Thus, his Mars became a true fiction when his restless, searching mind was compelled by judicious reasoning of new material to alter his opinion. That he could change his mind so late in life is an important fact. It means that behind his fantasy was a knowledge of solid current fact. The results of his pen came from a superior mind. It was not the maundering of an illiterate but amusing boob.
Organizing the books of his library into a coherent pattern is difficult. I haven’t and I Imagine few if any have read all his list. Based on my preliminary examination certain patterns can be found. He appeared to follow the Chicago novel by whomever, Edna Ferber’s So Big is a case in point. Seemingly unrelated titles can be grouped aorund certain Burroughs’ titles as infuences.
In 1924 when Marcia Of The Doorstep was written ERB had already formed his intention of leaving, or getting rid, of Emma. He began a fascination with Flappers that would result in his liaison with Florence.
After the move to Hollywood in 1919 a number of sex and Flapper potboilers find their way into his library. The tenor of literature changed greatly after the War showing a sexual explicitness that was not there prior to the Big Event. To be sure the graphic descriptions of the sex act current in contemporary literature was not permissible but the yearning to do so was certainly there. Language was retrained but ‘damn’ began to replace ‘d–n’ and a daring goddamn became less a rarity.

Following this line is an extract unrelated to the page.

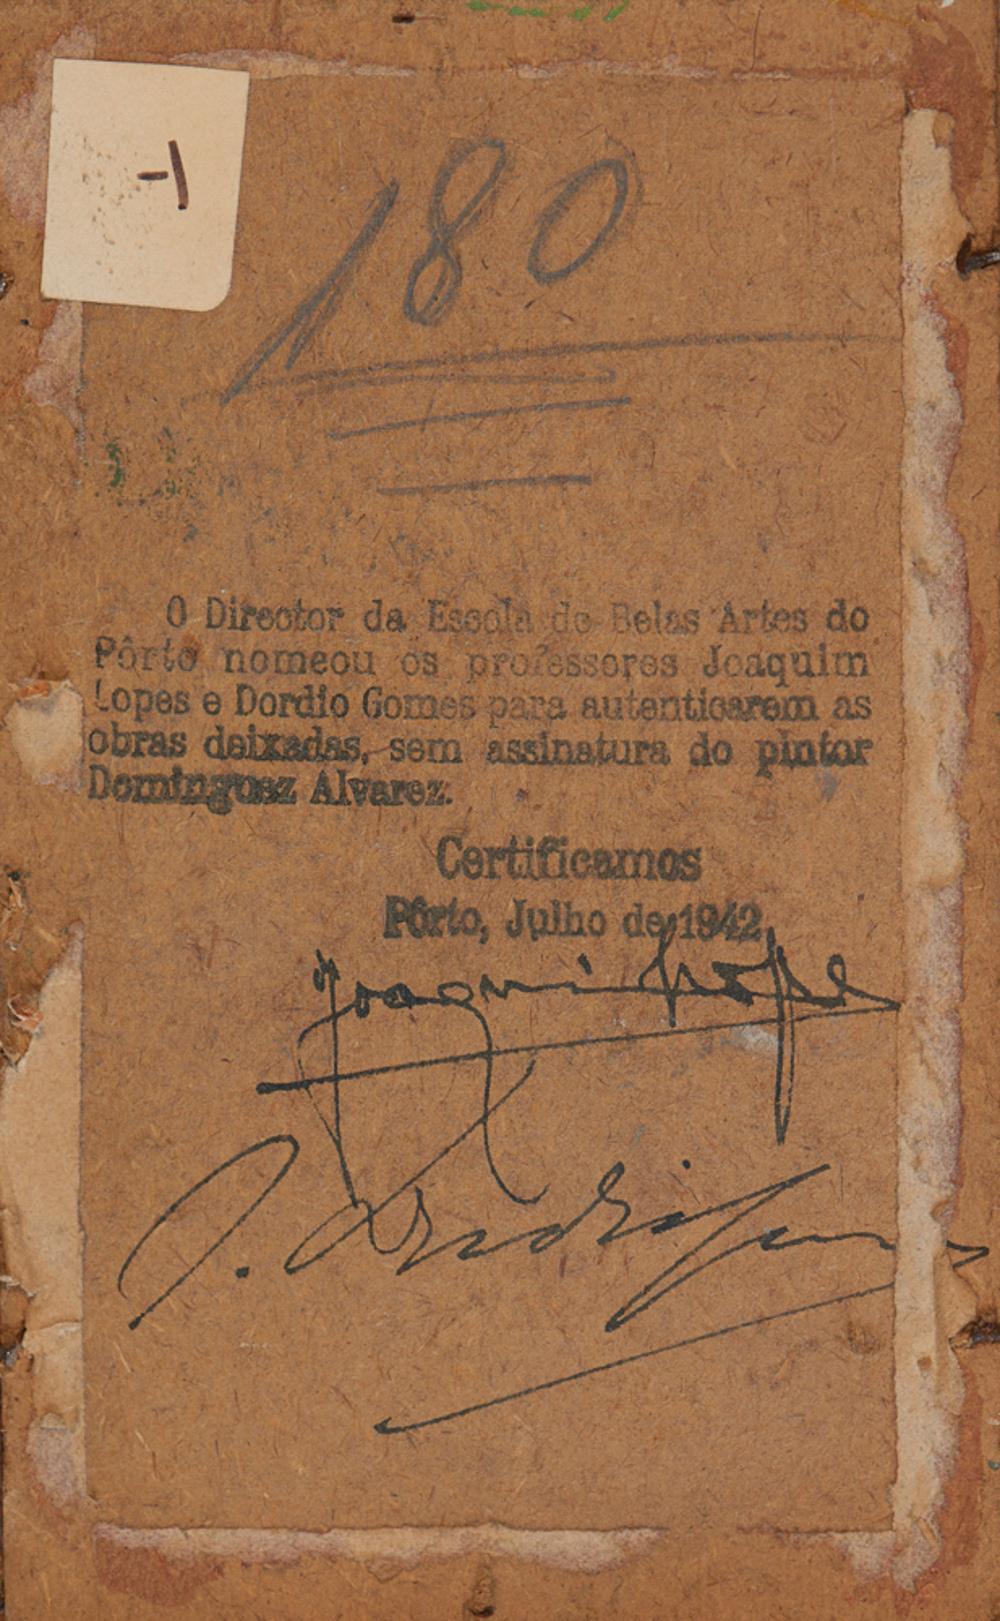 ALVAREZ, José, Óleo sobre cartão, 10,2 x 17 cm.

Perhaps the vanguard of the change came in 1919 when an event of great literary and cultural import took place. Bernarr Macfadden whose health and fitness regimes had very likely influenced Burroughs during the first couple decades decided to publish a magazine called “True Story.” The magazine was the forerunner of the Romance pulp genre while certainly being in the van of what would become the Romance genre of current literature.
The advance was definitely low brow, not to say vulgar, indicating the direction of subsequent societal development including the lifting of pornographic censorship. Pornography followed from “True Store” as night follows day.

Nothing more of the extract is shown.